回到家,他感觉家里要热死了,梅丽德丝正站在客厅的中央做着瑜伽,她穿着小背心和短裤,全身也湿透了。他一打开门,就觉得快透不过气来。两条狗躺在沙发上,无精打采地抬了一下头,摇了摇尾巴。
“天哪,梅丽,这怎么回事啊?这里热得跟沙漠一样。”
她正喘着粗气,弯着腰,她从两条腿之间的空隙抬头看着萨姆,“我做高温瑜伽的那家健身房关门了,”她说,“他们员工今天好像是有什么家庭活动,要带小孩到单位参观。”

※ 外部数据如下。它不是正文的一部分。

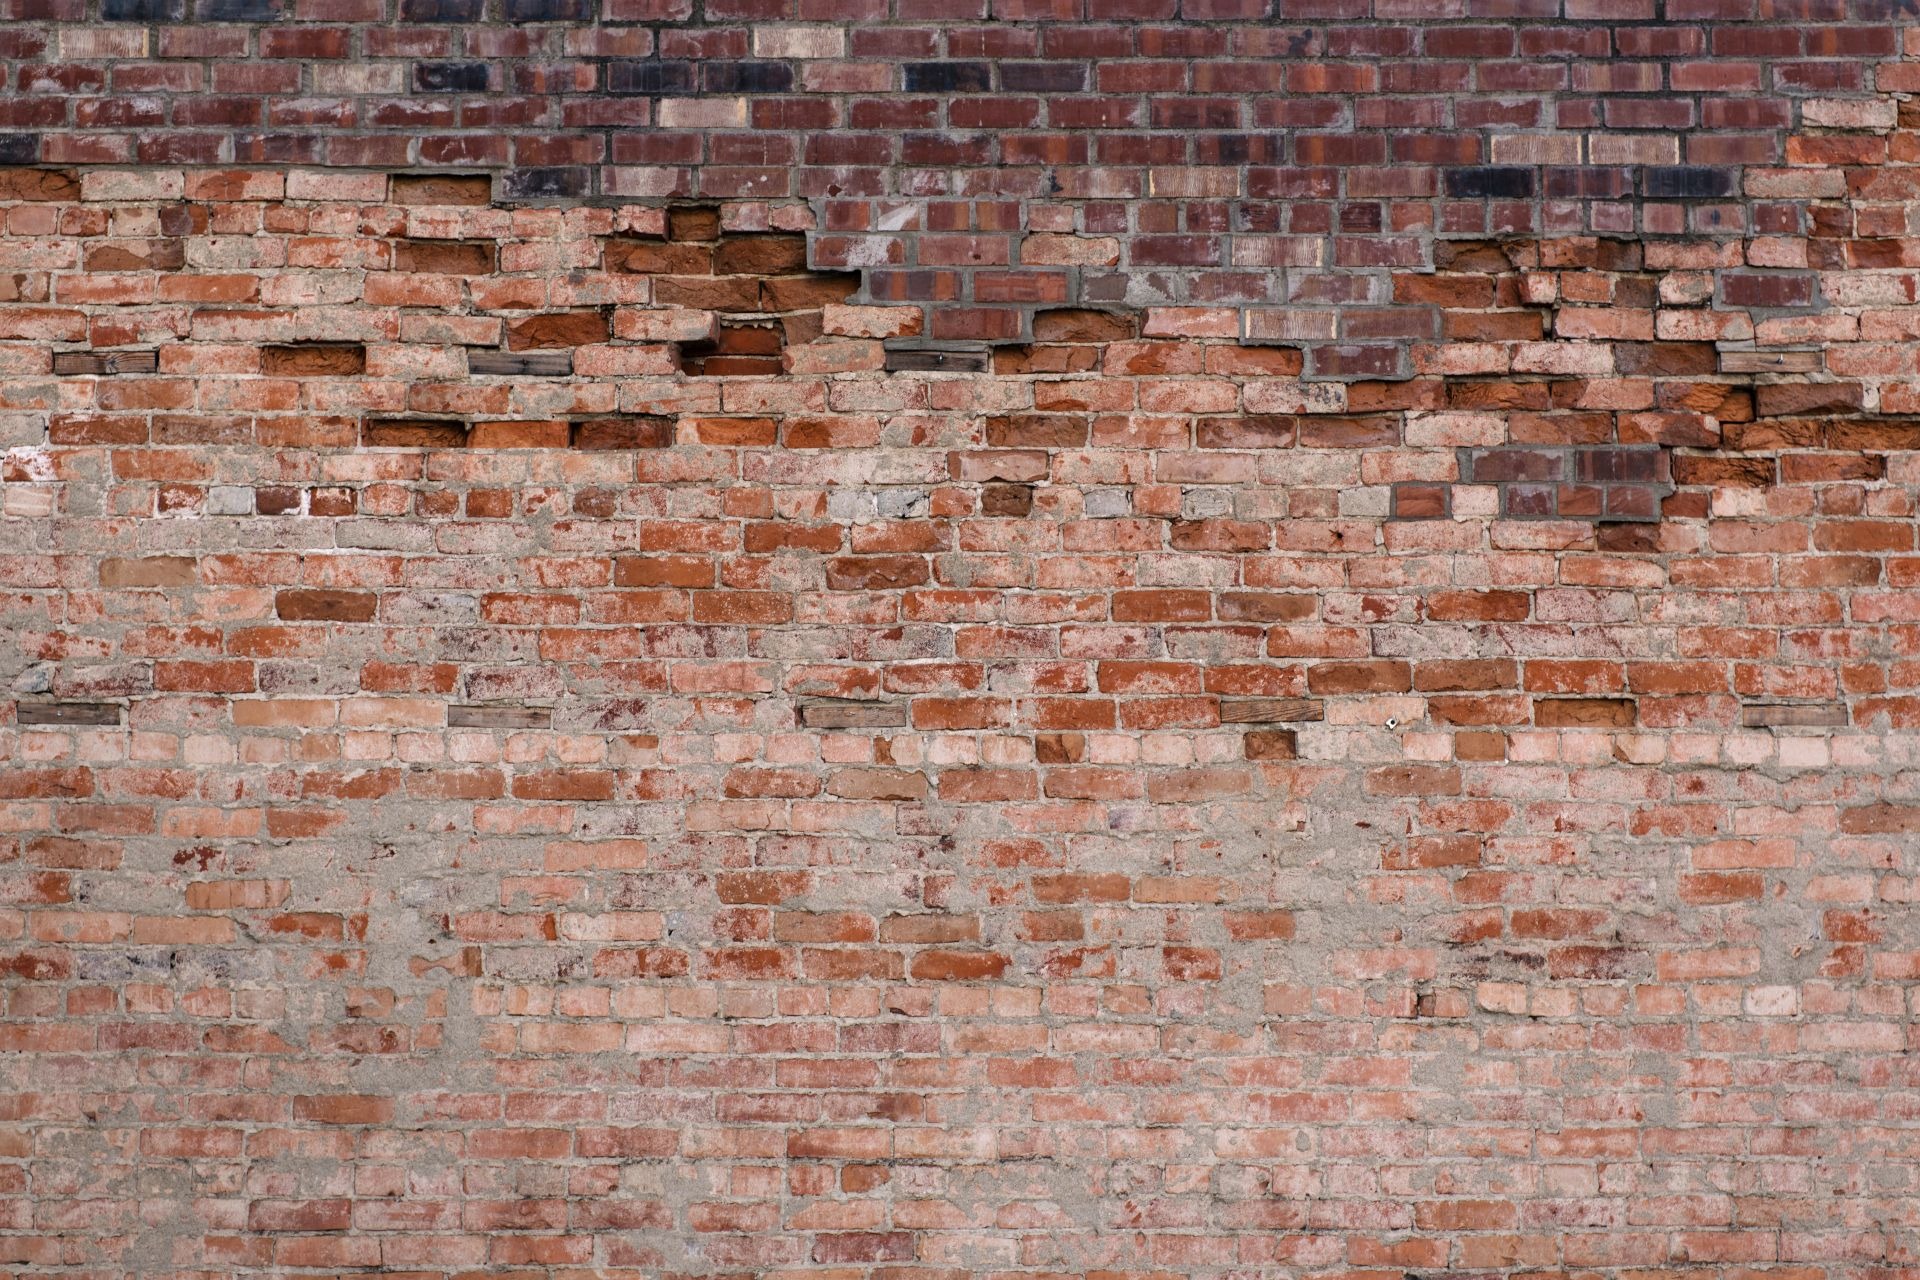 an image of period bricks

“那为什么要关门呢?你的瑜伽老师可以把她的小孩带到你们课堂上来呀。”
“她应该是带小孩去自己正式工作的地方了,”梅丽德丝头朝下地耸了耸肩膀,“她小孩应该不会喜欢那么热的地方吧。”
“我明白了,”萨姆说,“你们就休息这一天,在家难道就不能做个常温瑜伽吗?”
“那可不行。一旦开始做了高温的,就不能回头了。在这个温度里,我感觉身体更加柔软。”她的身体确实很柔软,全身也都湿透了,比萨姆身上还湿,而萨姆才刚刚在雨中跑了一个钟头。她身体往后一翻,双脚和双手都牢牢地撑在地板上,整个前胸却朝天花板弯成了一个完美的弧形。她背心的下半截贴在肚皮上,随着她的呼吸起伏,背心的上半截则随着心跳微微颤动着,她大口大口地喘着粗气。
“你打乱我的呼吸节奏了。”她抱怨着,大颗大颗的汗珠从她额头上滴下来,穿过乱糟糟的头发,滴进地毯里。
“那实在是对不起了。”萨姆说。他把泥泞的鞋子和袜子脱掉,把脚伸到梅丽德丝的脚边,双脚也分开和肩同宽。他靠在她身边,她深深地吸了一口气,身体更加弯曲了,她下半身紧紧地顶着他,上半身却离他更远了。萨姆觉得受不了了,他伸出手,顺着她下巴底下的一摊汗,摸到她的胸口,再摸到她绷得紧紧的小肚子,她呼出的气息都吹到了他脸上,一下、两下,她突然全身软了下来。萨姆没有动,他发觉自己正贴在她的胸口。他索性趴在她身上,他们俩的双脚和双手都叠在一起,他的整个身体都罩在她的身体之上。他感觉到她深吸了一口气,他调整了一下姿势,在地毯上趴稳,然后把撑着的右手从地板上拿起来,伸进她衣服下面,顺着她湿透了的小肚子,伸进她的内衣。他用手握着她的胸,轻轻地揉着她的乳头,他能感觉到手掌下她怦怦的心跳。她已经快要撑不住了,他的重量再加上她的重量,两个人的手上全是汗,萨姆还用舌头舔着她的颈背。她又调整了一下姿势,伸出左手,从背后弯过来,伸进了萨姆的短裤里。萨姆觉得很神奇,看来,高温瑜伽确实让她的平衡性和力量大有改善。他深吸一口气,再呼出来。突然,他的左手一滑,跌倒在她身上,两个人都重重地趴到了地毯上。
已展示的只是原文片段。